ABSTRACT

For centuries, the Baltic area has constituted an area of special interest to Russia’s leadership, with the Kremlin’s influence at various times challenged by Sweden, Germany and Poland. For the past millennium, Russia has played a vital role in the wealth and security of the region, although for the past century it has created more insecurity than security for its Baltic neighbors, including Finland and Sweden. From 1917, the Soviet leadership became determined to re-exert control over Finland and the three Baltic States, finally achieving domination as a result of the 1939 Molotov-Ribbentrop Treaty.

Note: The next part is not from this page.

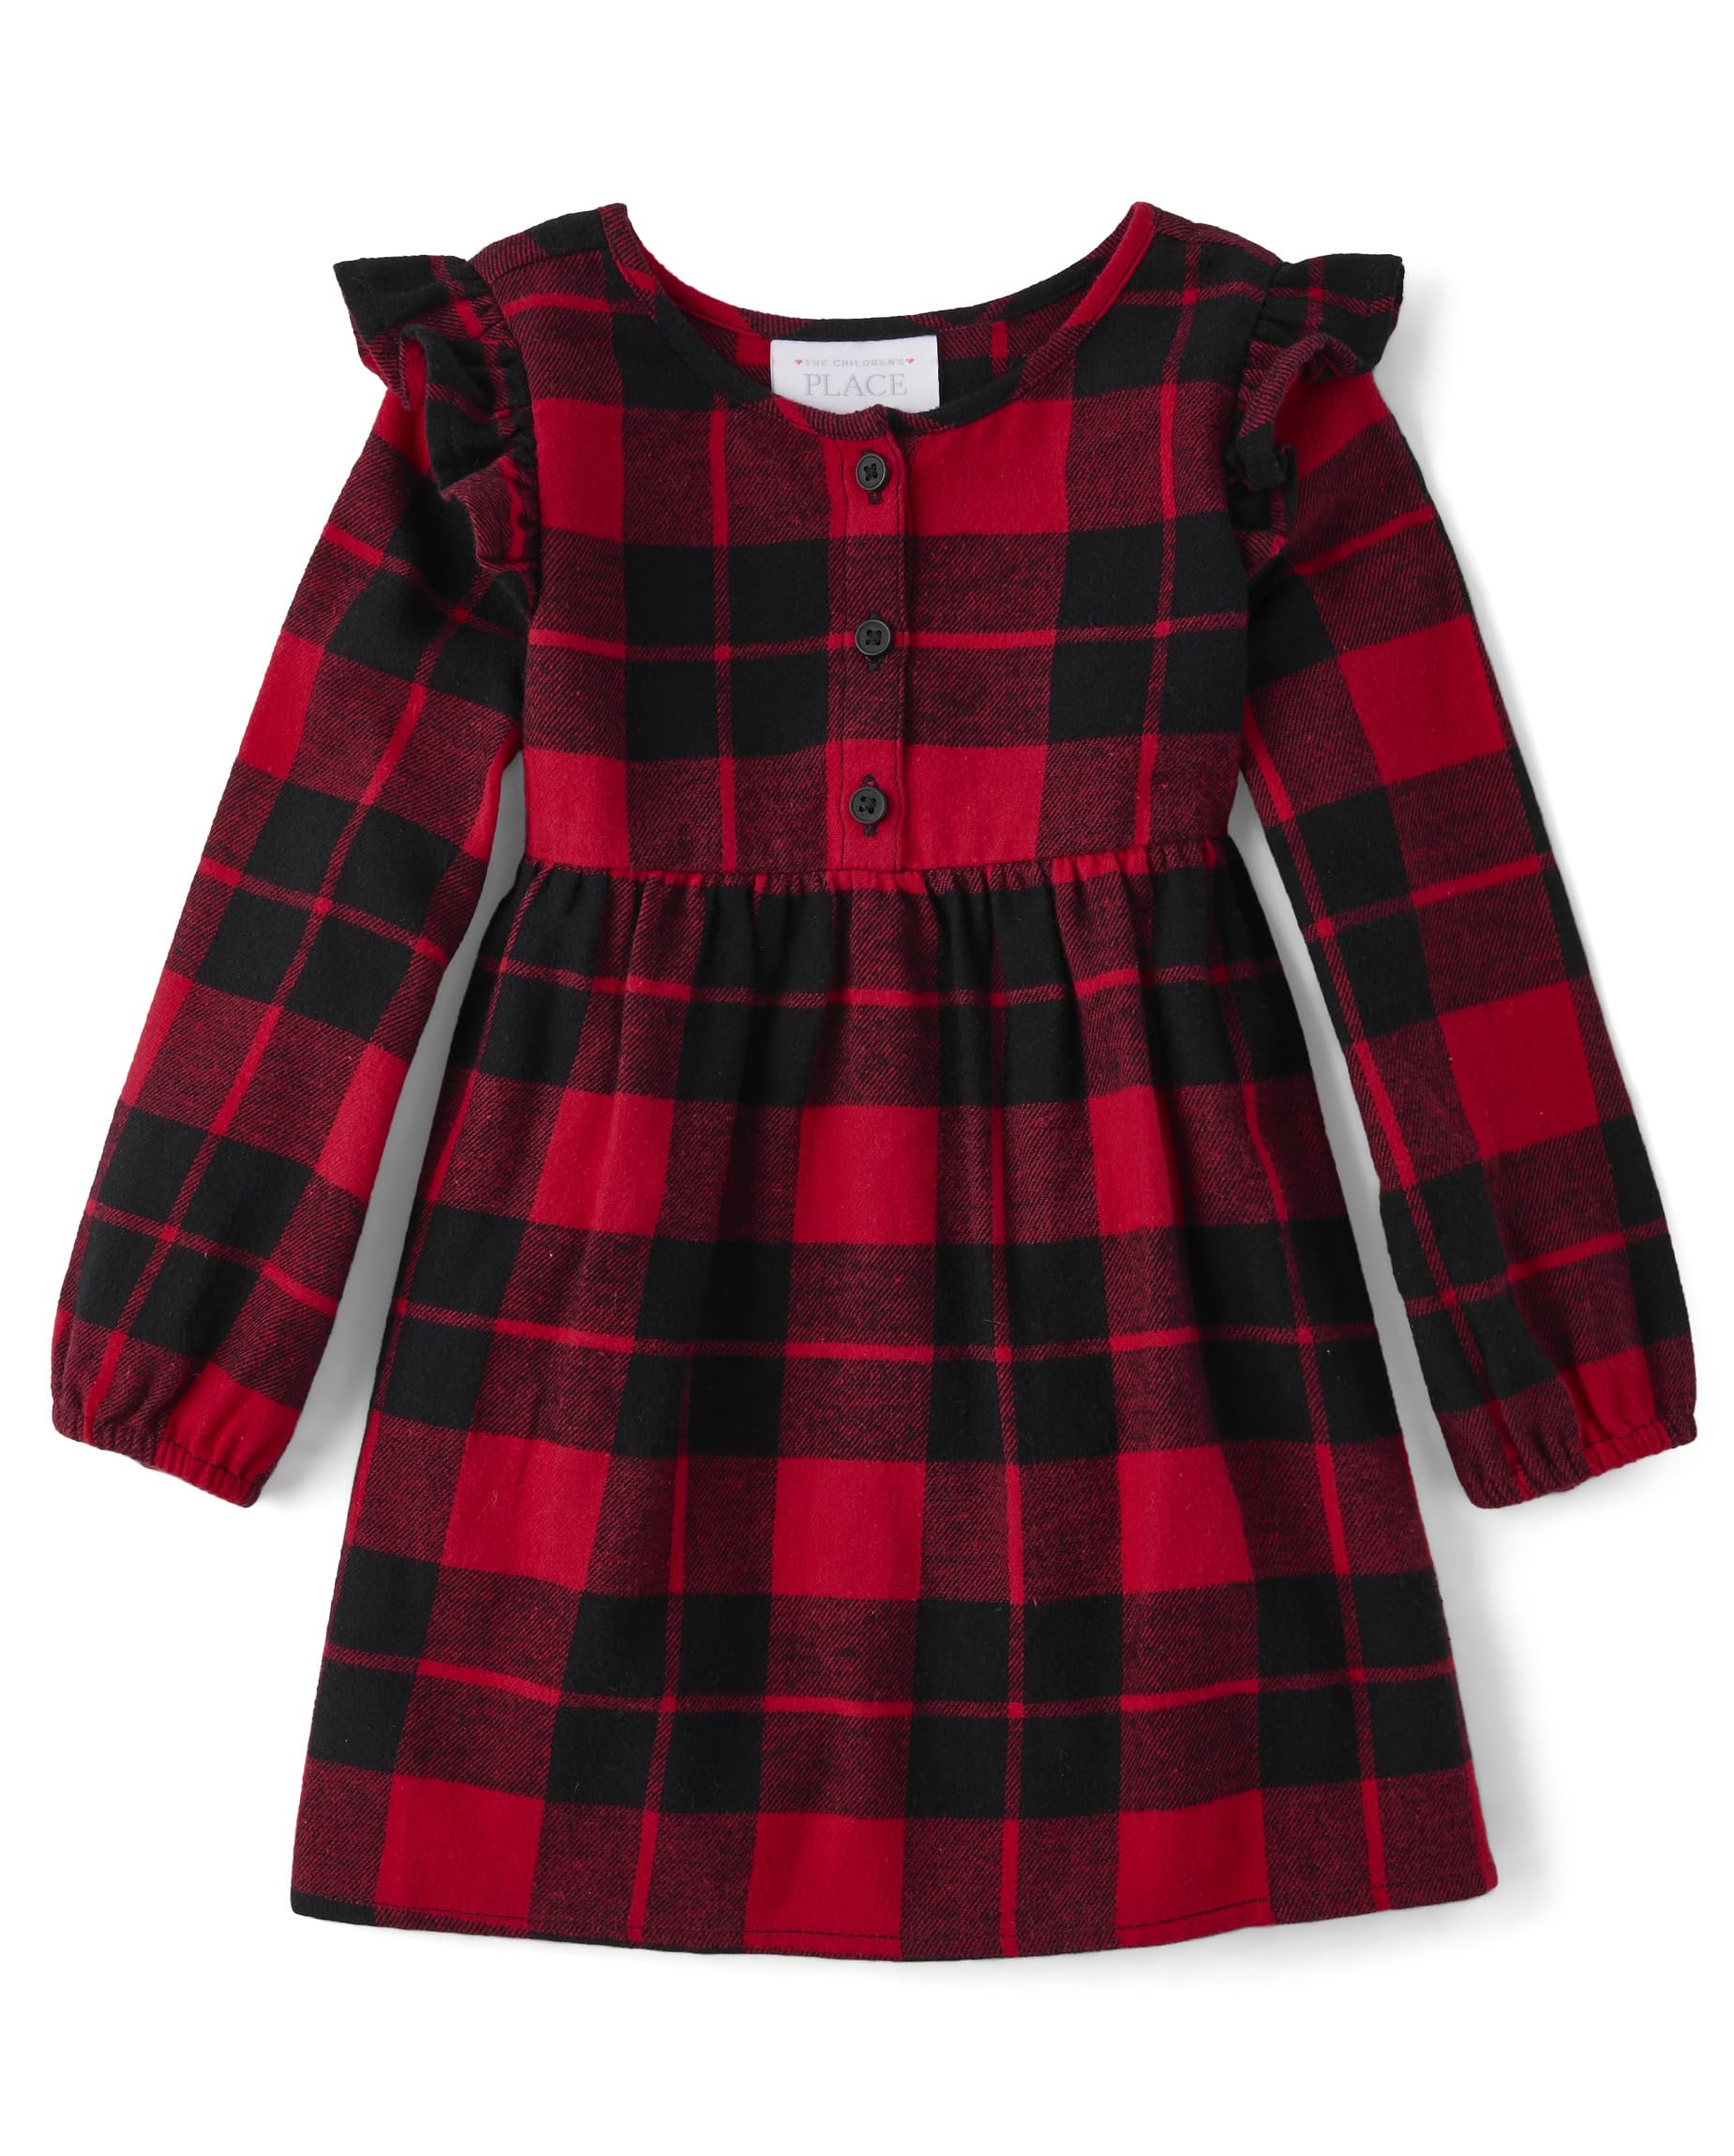 The Children's Place Baby Girl's and Toddler Short Sleeve Fashion Dress, Red Plaid, 3T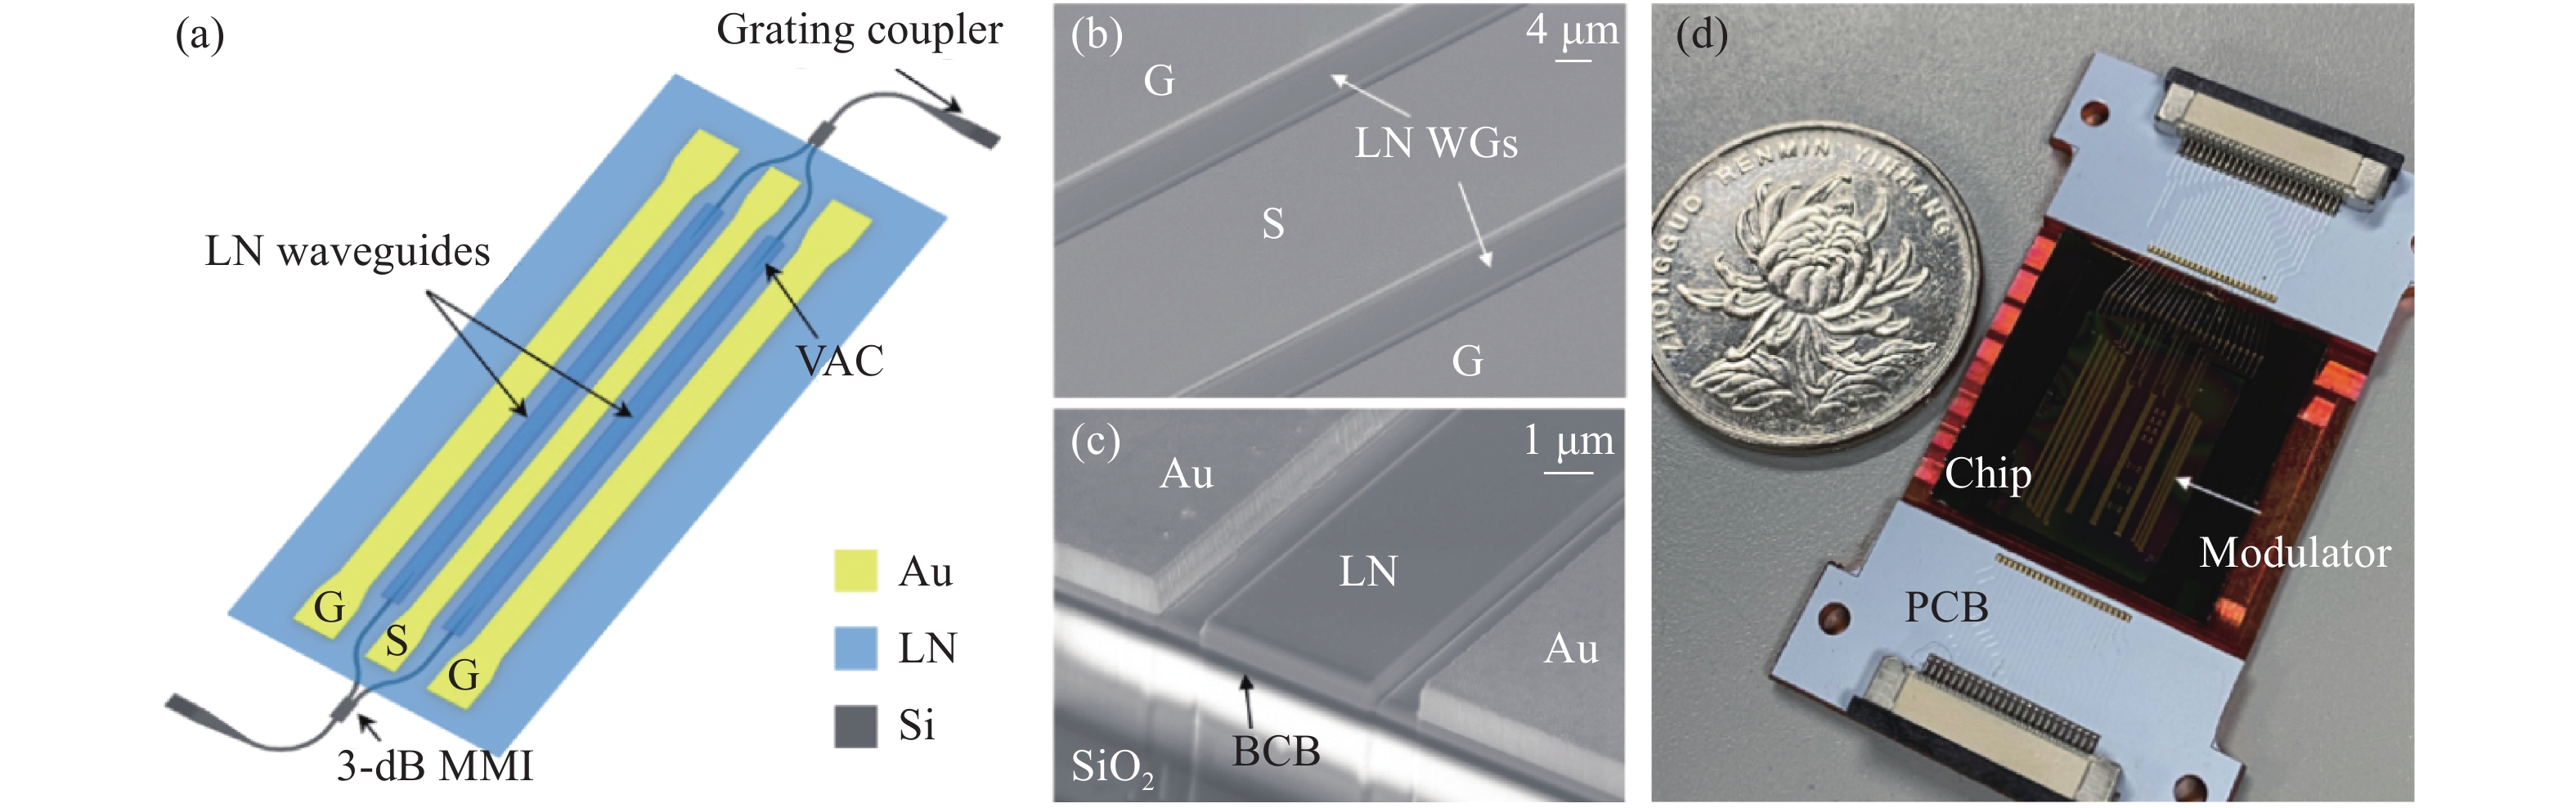 Hybrid silicon and lithium niobate electro-optical modulator. (a) Schematic of Mach-Zender intensity modulator; (b) SEM image of lithium niobate phase modulation region; (c) The cross section SEM image of the modulation region, the section is formed by the focused ion beam process; (d) Image of the whole chip

Even today, the Russian Government insistently claims that the three Baltic States “voluntarily” joined the Soviet Union in 1940.2 Finland lost a large part of its territory to Russia in the 1939-40 Winter War. Also, through war, deportations and killings, a third of the ethnic population of the three Baltic States was lost. Estonia and Latvia were forced to accept several million Russian “emigrants” between 1950 and 1990. Even after the collapse of the Soviet Union, the Kremlin considers the region to be vitally important as Russia’s major transportation corridor to Europe. The rail lines, pipelines and ports that carry the bulk of Russia’s exports of raw materials to the Baltic Sea remain indispensable to Russia’s economy. For the West, and the Baltic States themselves, however, it is a region highly vulnerable to the Kremlin’s projection of economic and political power. Russia’s own Baltic region (the Saint Petersburg region) is growing in importance as it sends an increasing share of its oil exports to the West, primarily through the port of Primorsk. The Nord Stream natural gas pipeline now being built underneath the Baltic Sea from Vyborg in Russia to Greifswald in Germany will make this region ever more important to the Russian economy. Russian tanker traffic and the laying of pipelines pose increased environmental risks to the shore lines of Russia’s neighbors on the Baltic Sea. People living in the three Baltic States of Estonia, Latvia and Lithuania are particularly vulnerable to the Kremlin’s continuing efforts to control the security framework in the Baltic region. The three countries have been consistent targets for Moscow-directed energy coercion, non-transparent investment in strategic assets and intelligence activities.